AI gives Europe another chance, but only if it is applied differently. A generic AI race will favour companies with the largest data sets, deepest capital pools and strongest digital talent. A workflow-first industrial AI strategy gives Europe a more plausible advantage: its critical industries have deep domain expertise, accumulated operational data, sophisticated safety and regulatory practices, and real-world complexity that cannot be abstracted away. The task is to turn those strengths into productivity.

Rebuilding Europe from the operating model up

Europe’s industrial renewal is often described in terms of what needs to be built: factories, grids, clean-tech capacity, defence supply chains, ports and infrastructure. That is right, but incomplete. Europe also needs to rebuild the operating model beneath those assets.

The continent already has many of the ingredients it needs: engineering depth, industrial heritage, regulated operating experience, complex infrastructure and decades of operational data. The problem is that too much of that advantage is fragmented. Data sits in systems. Expertise sits in people’s heads. Process sits in local workarounds. Decisions sit in approval chains. Evidence sits in documents.
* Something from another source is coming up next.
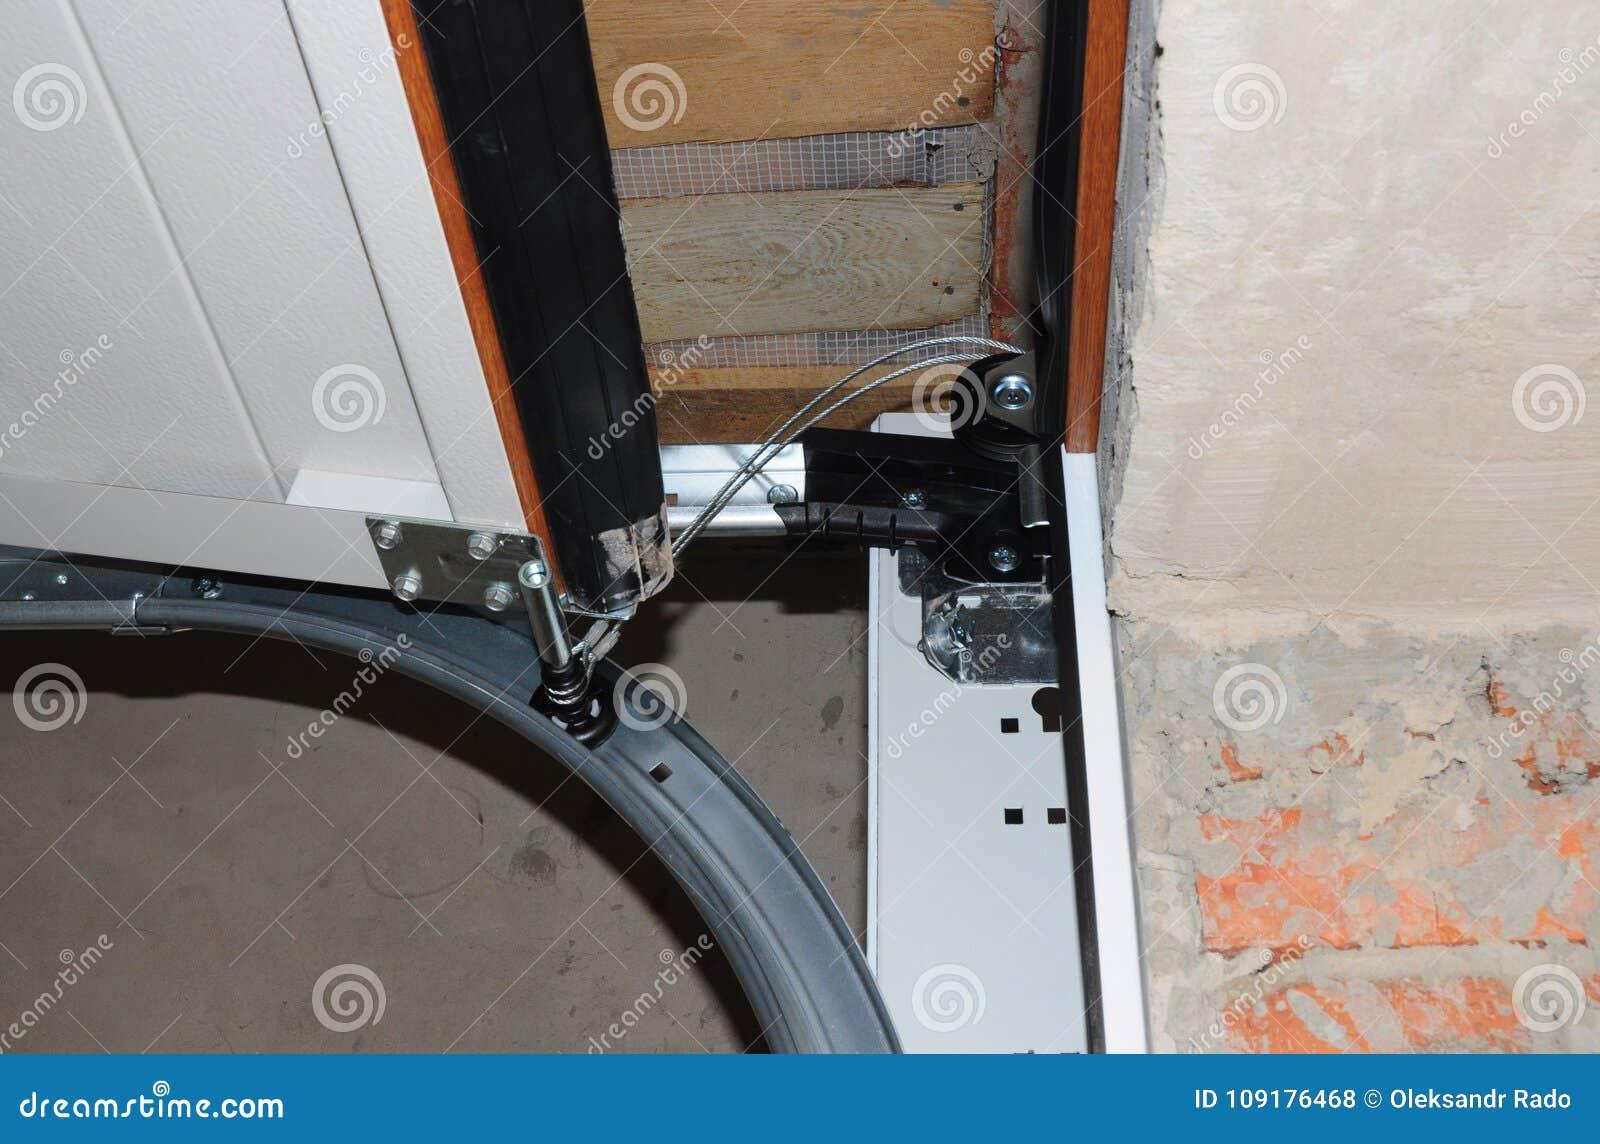 Contractor Repair And Install Garage Door Replace A Broken Garage

AI can help connect those pieces when it is aimed at the real work of critical industries: the workflows that determine whether capacity becomes output, whether investment becomes performance, and whether complexity becomes a source of advantage or delay.

Rebuilding Europe will require new capacity. But capacity alone is not competitiveness. The next industrial advantage will belong to organisations that can convert capacity into capability, and capability into productivity. That is the role AI can play: helping critical industries turn complexity into execution, and execution into growth.

Europe’s industrial reset will be built in policy. It will be funded through investment. But it will be won, or lost, inside the operating model.